The U.S. Court of Appeals for the Sixth Circuit held that, like the National Labor Relations Act (NLRA), the Fair Labor Standards Act (FLSA) does not provide a bar to arbitration agreements that contain a waiver of the right to bring a collective (or class) action.

As we discussed in an E-lert, earlier this year, in Epic Systems Corp. v. Lewis, the Supreme Court held that arbitration agreements containing waivers of the right to bring class or collective actions over employment-related disputes are enforceable under the Federal Arbitration Act (FAA). In so doing, the Court rejected the National Labor Relation Board’s position that such waivers violate the NLRA’s protections of employees’ rights to engage in concerted action.

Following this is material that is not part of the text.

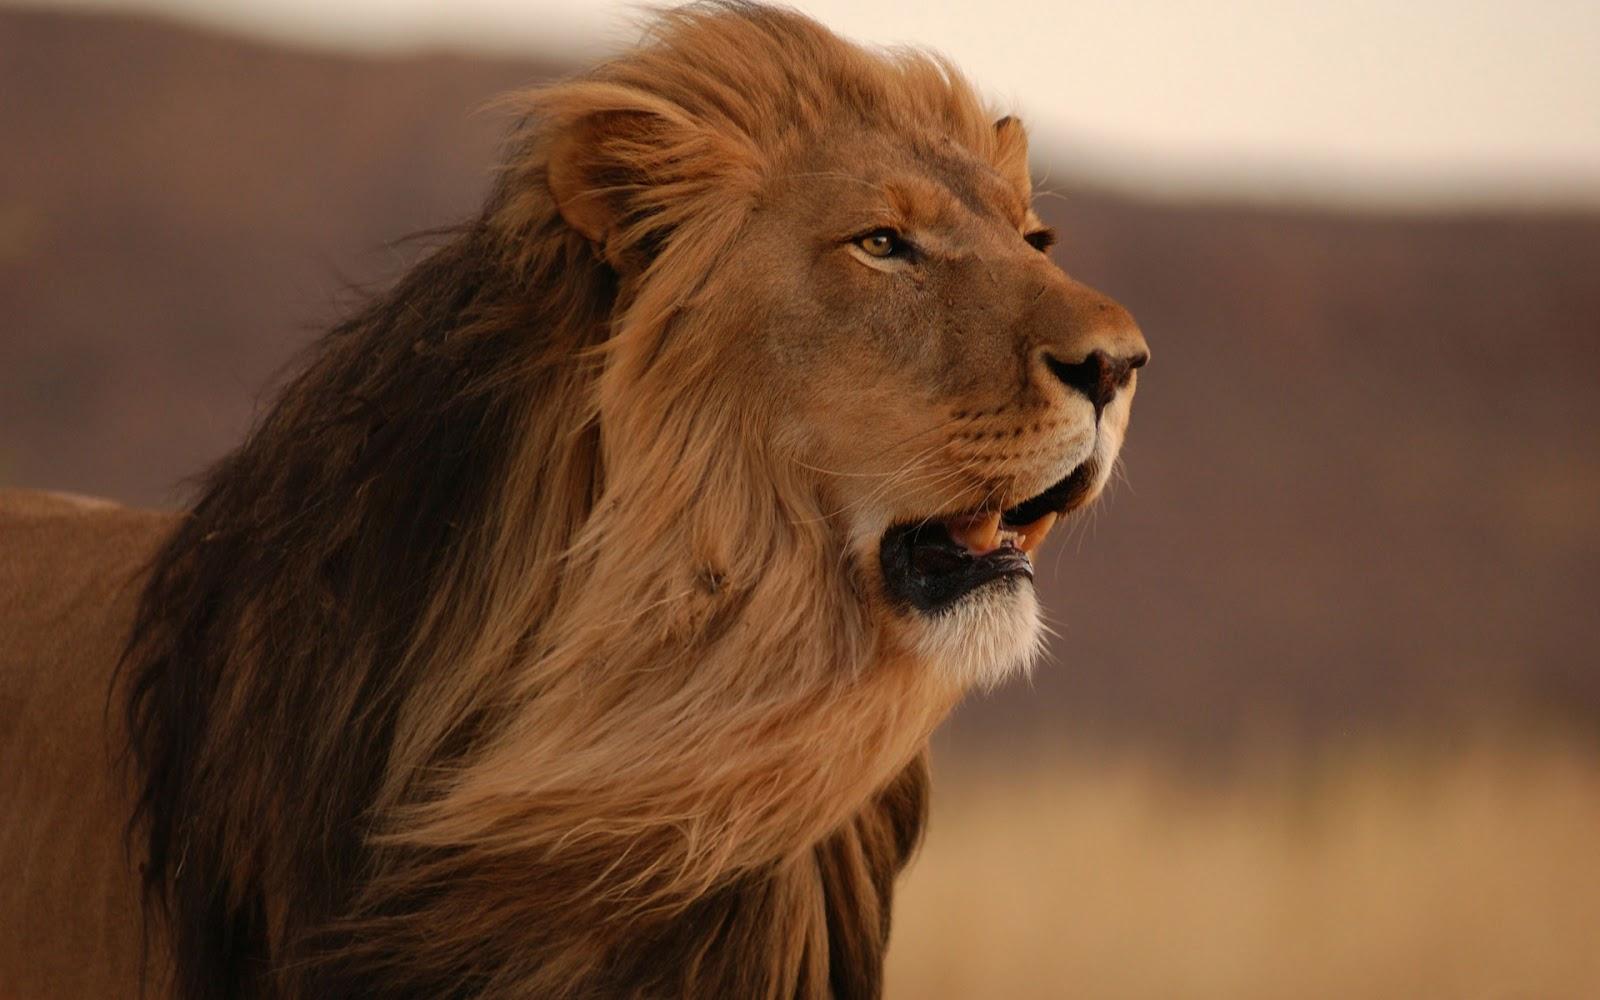 Angry Lion Wallpaper Hd 1080p الامراض الشائعة لمواليد برج الاسد الراقية
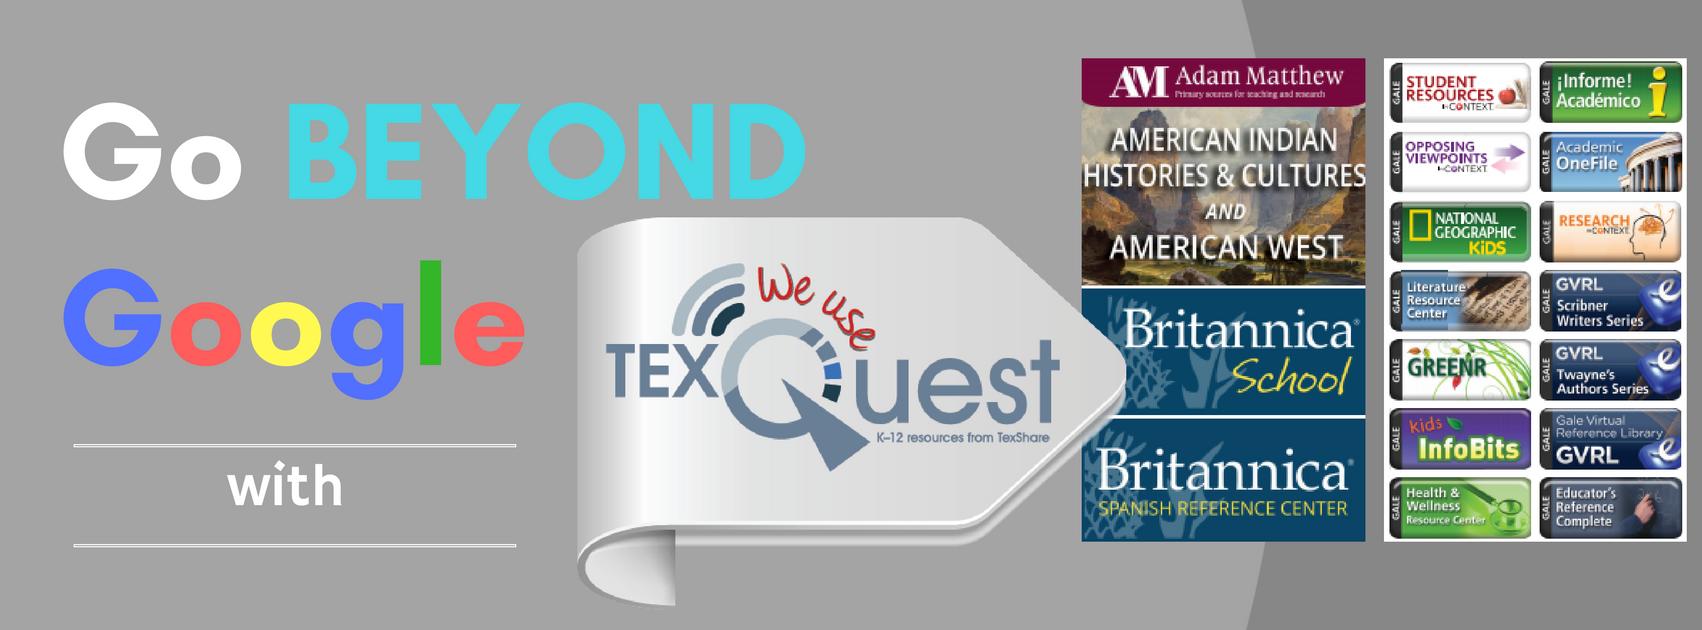 TexQuest banner

While the FLSA specifically gives employees the right to bring a collective action, the Sixth Circuit in Gaffers v. Kelly Services, Inc. noted that the law does not require such action and that employees can waive that right by agreement. Relying on Epic Systems, the Sixth Circuit found that the FLSA does not contain “clear and manifest” congressional intent to make arbitration agreements unenforceable, as required by the FAA. The Sixth Circuit found no policy arguments to rule otherwise, and further rejected the employee’s argument that the FAA’s savings clause, which allows courts to refuse to enforce arbitration agreements based on law or equity grounds, was applicable here, given the Supreme Court’s rejection of the same argument under the NLRA.